> _Exercise goal_
What is needed is an exact copy of the whole listing below, with no pictures.

---------- Data for this exercise ----------

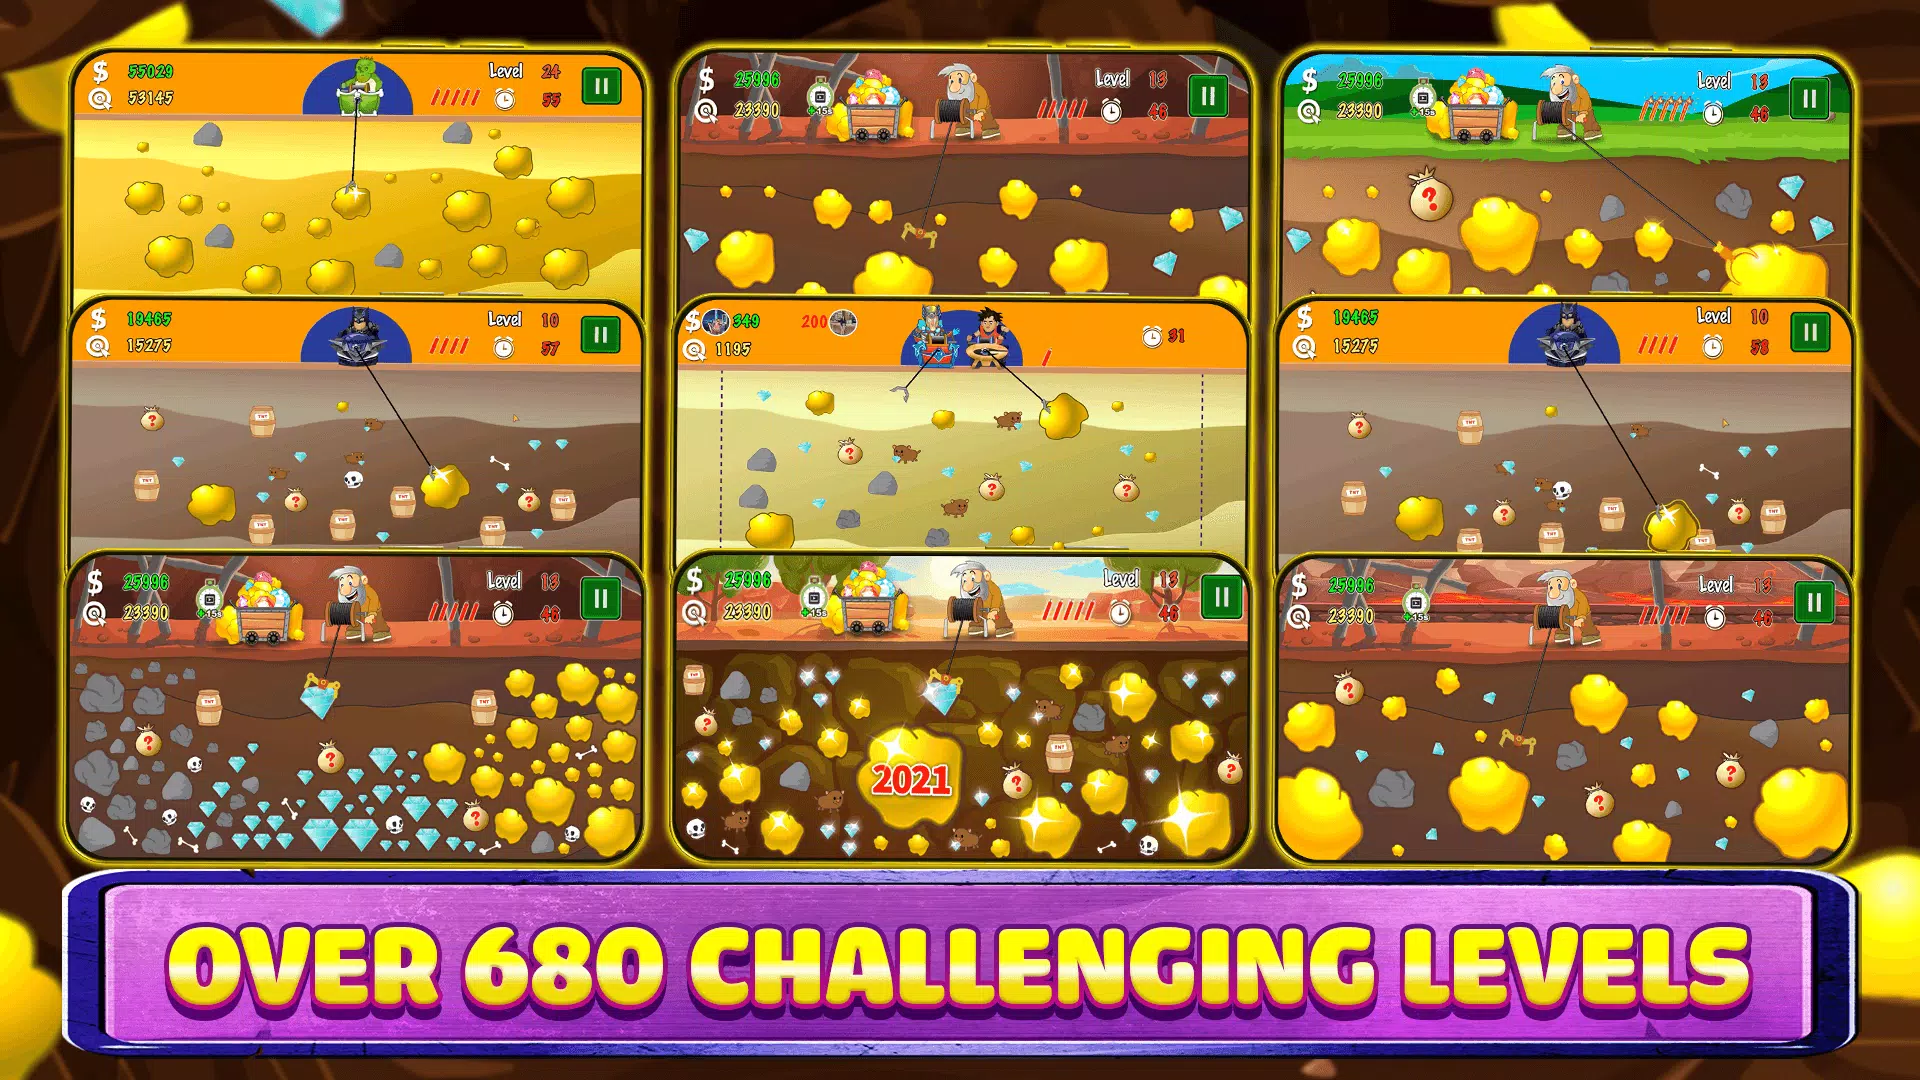 Gold Miner Adventure - APK Download for Android
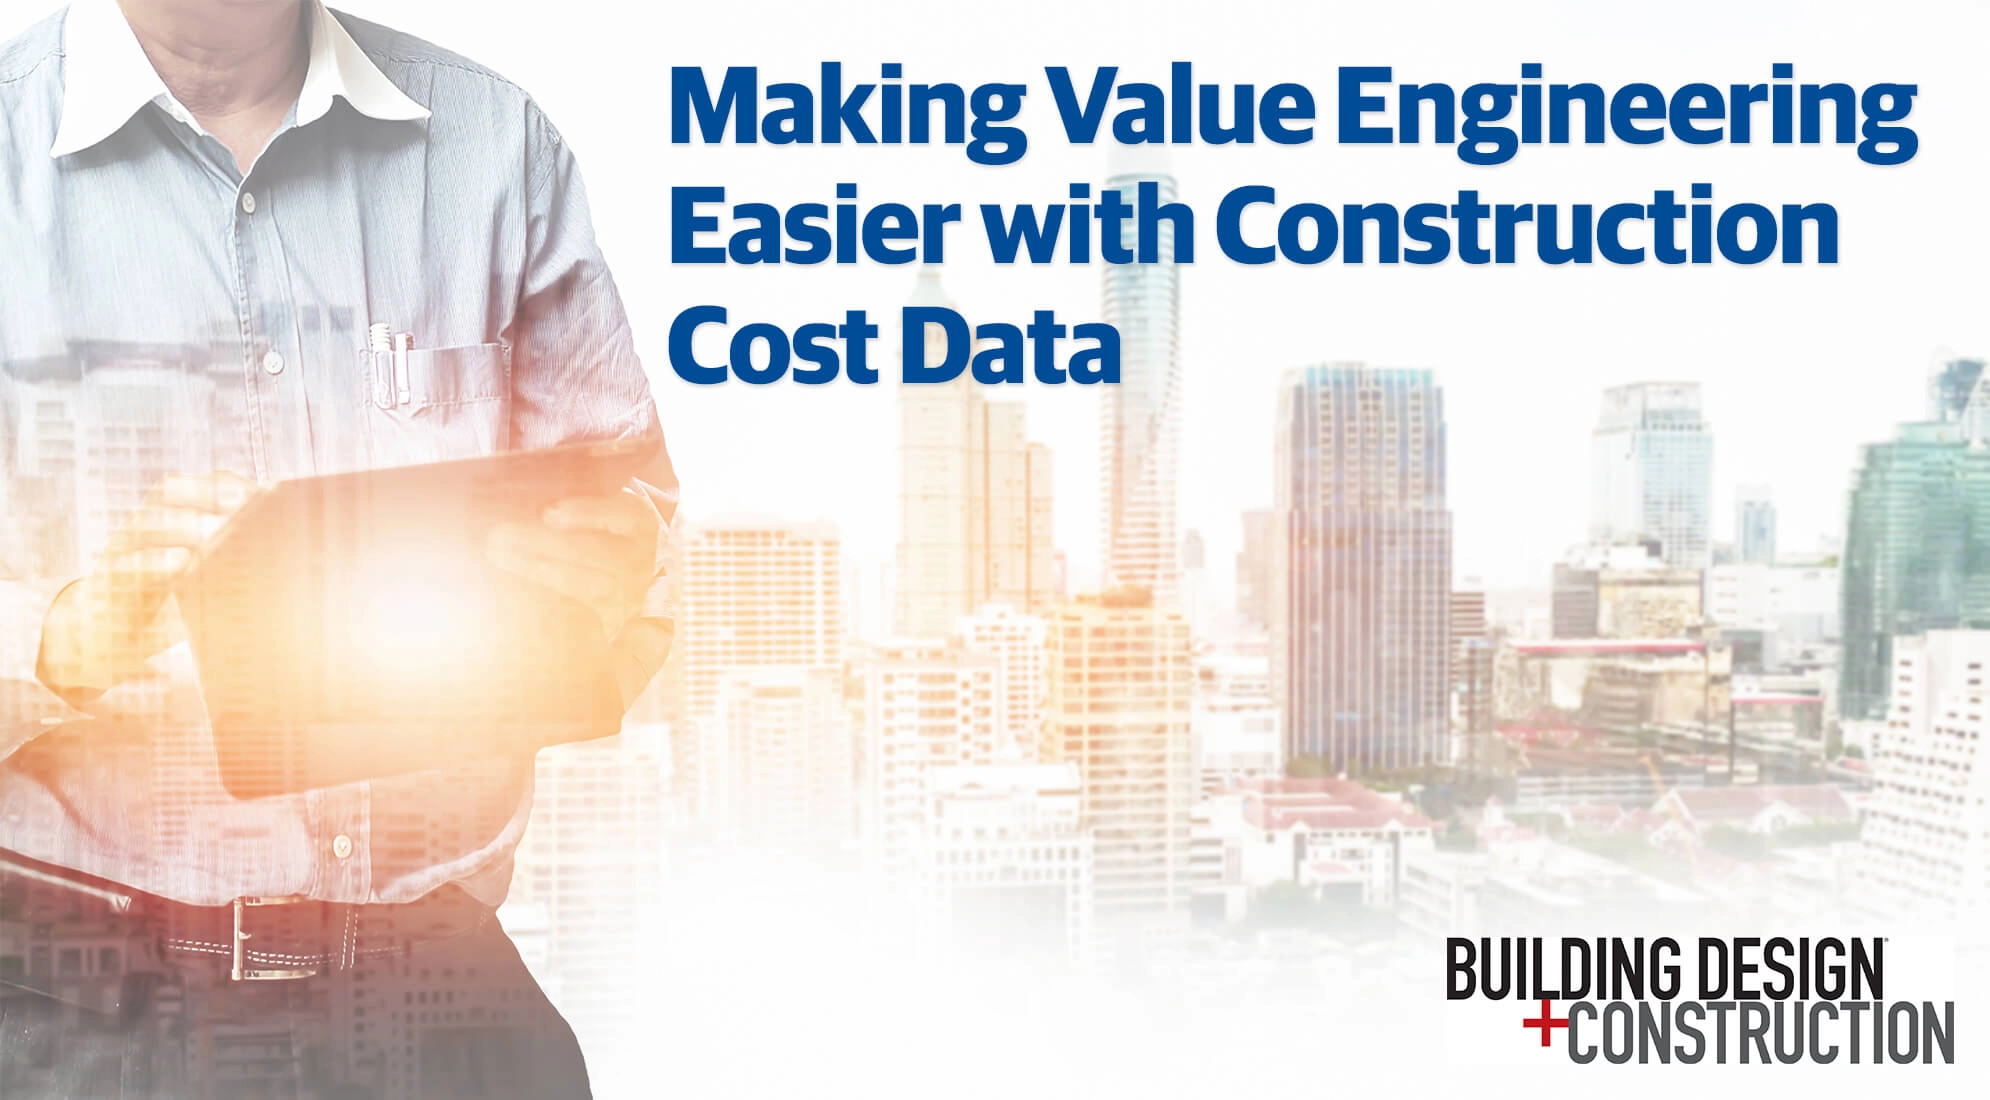 Making Value Engineering Easier with Construction Cost Data 2
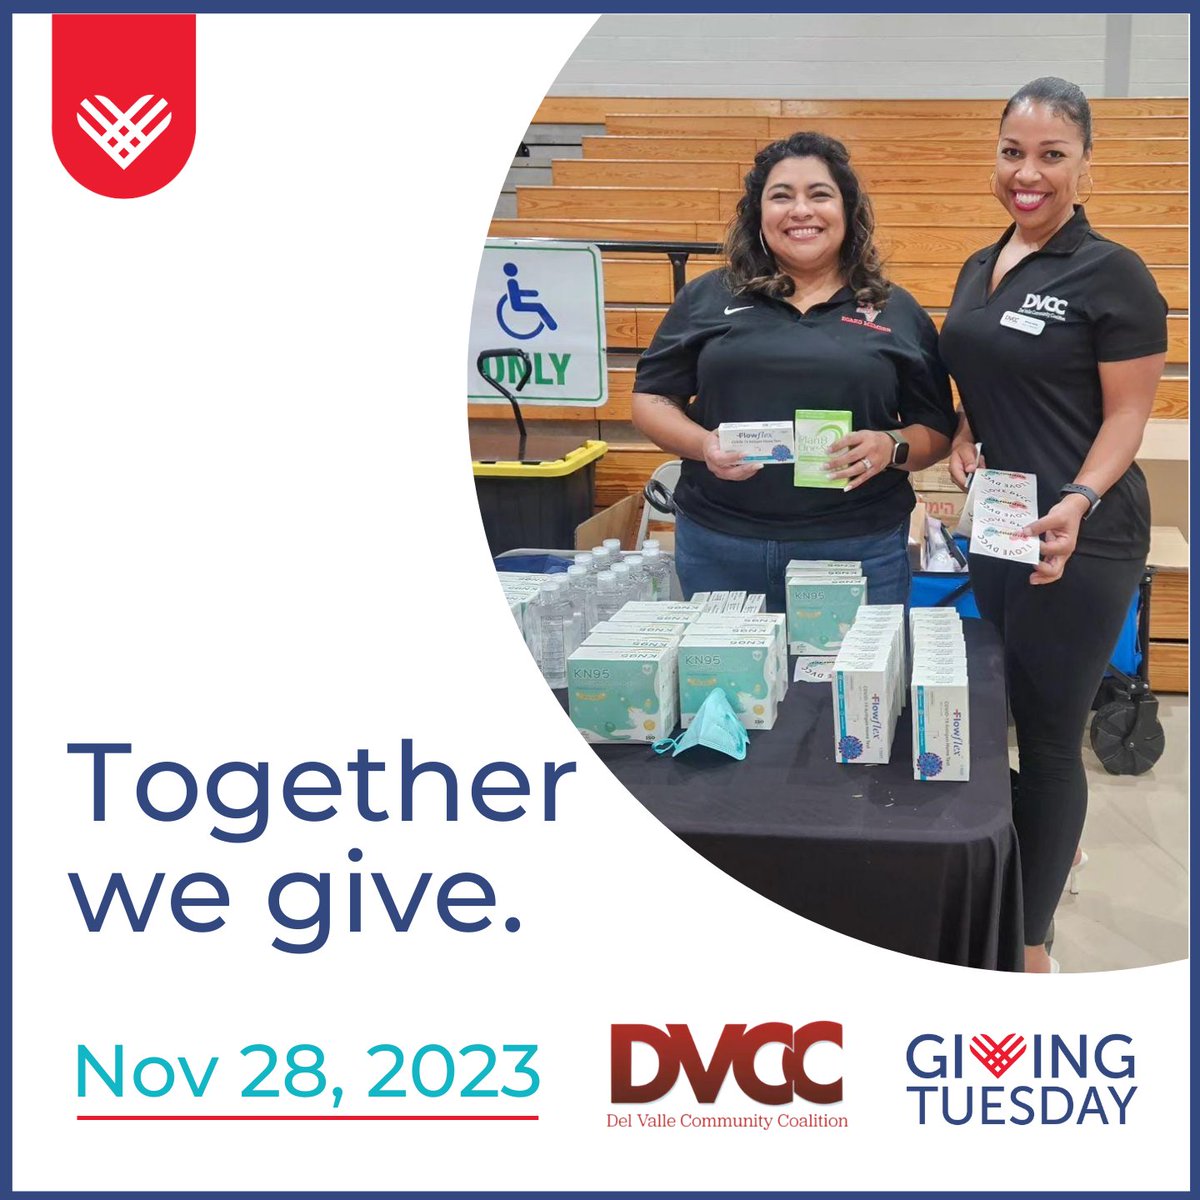 Happy #GivingTuesday Central Texas! 📷Join the worldwide day of giving by making a donation or joining our volunteer list to support our mission work today at atxdvcc.org/donations
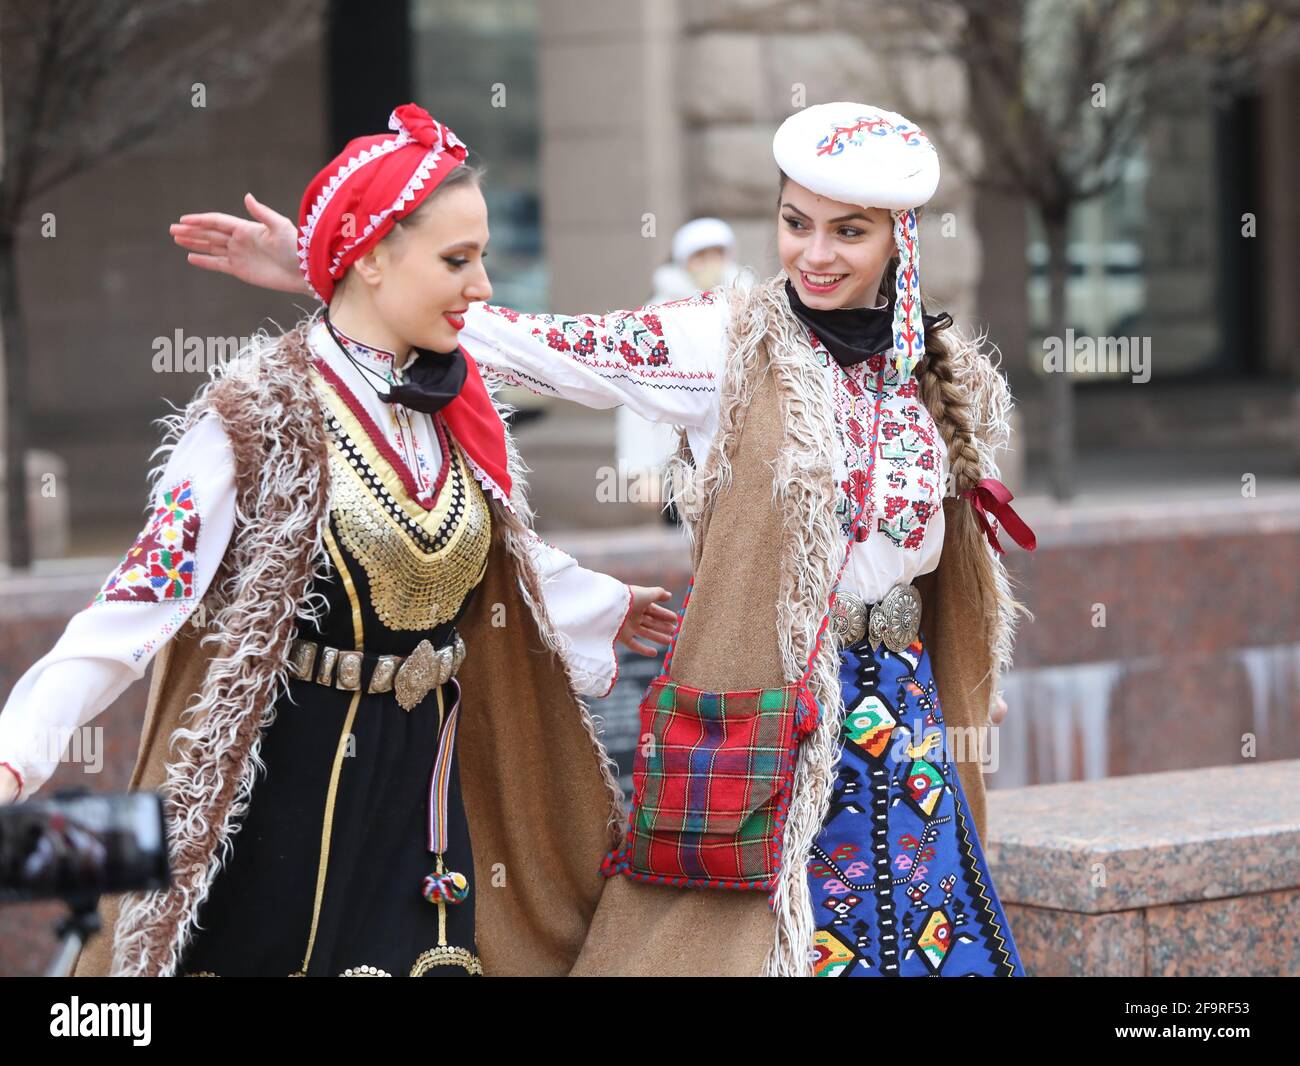 People in traditional folk costumes perform the Bulgarian folk dance 'Horo' in the center of Sofia, Bulgaria Stock Photo
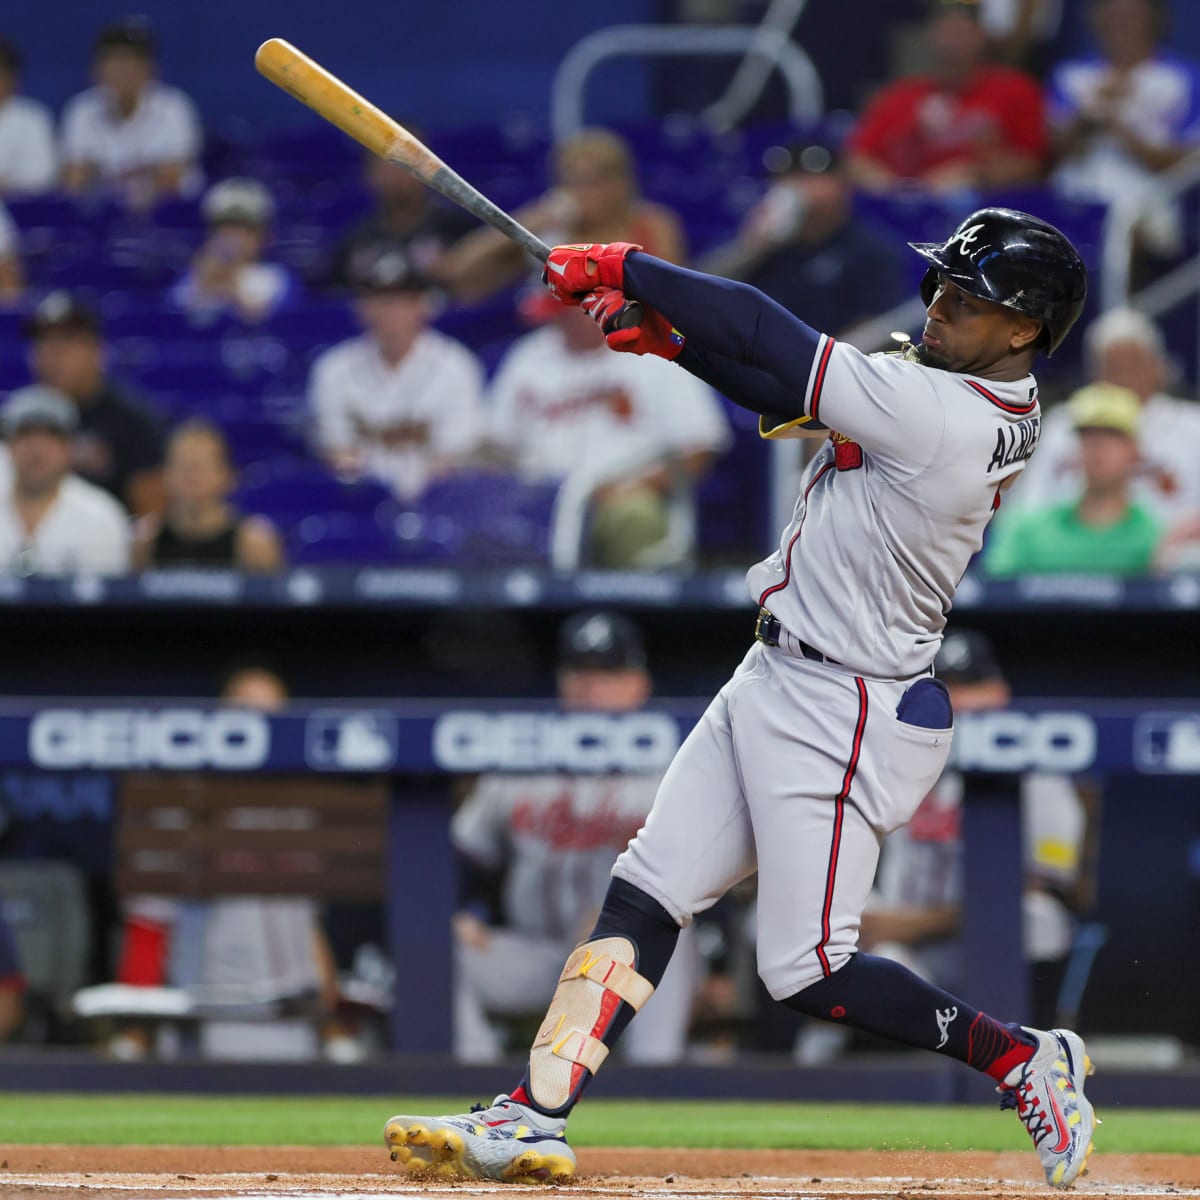 WATCH: Ozzie Albies gets the Braves going with a long homer

----------

> _Solution_
 Gold Miner Adventure - APK Download for Android
 Making Value Engineering Easier with Construction Cost Data 2
 Happy #GivingTuesday Central Texas! 📷Join the worldwide day of giving by making a donation or joining our volunteer list to support our mission work today at atxdvcc.org/donations
 People in traditional folk costumes perform the Bulgarian folk dance 'Horo' in the center of Sofia, Bulgaria Stock Photo
 WATCH: Ozzie Albies gets the Braves going with a long homer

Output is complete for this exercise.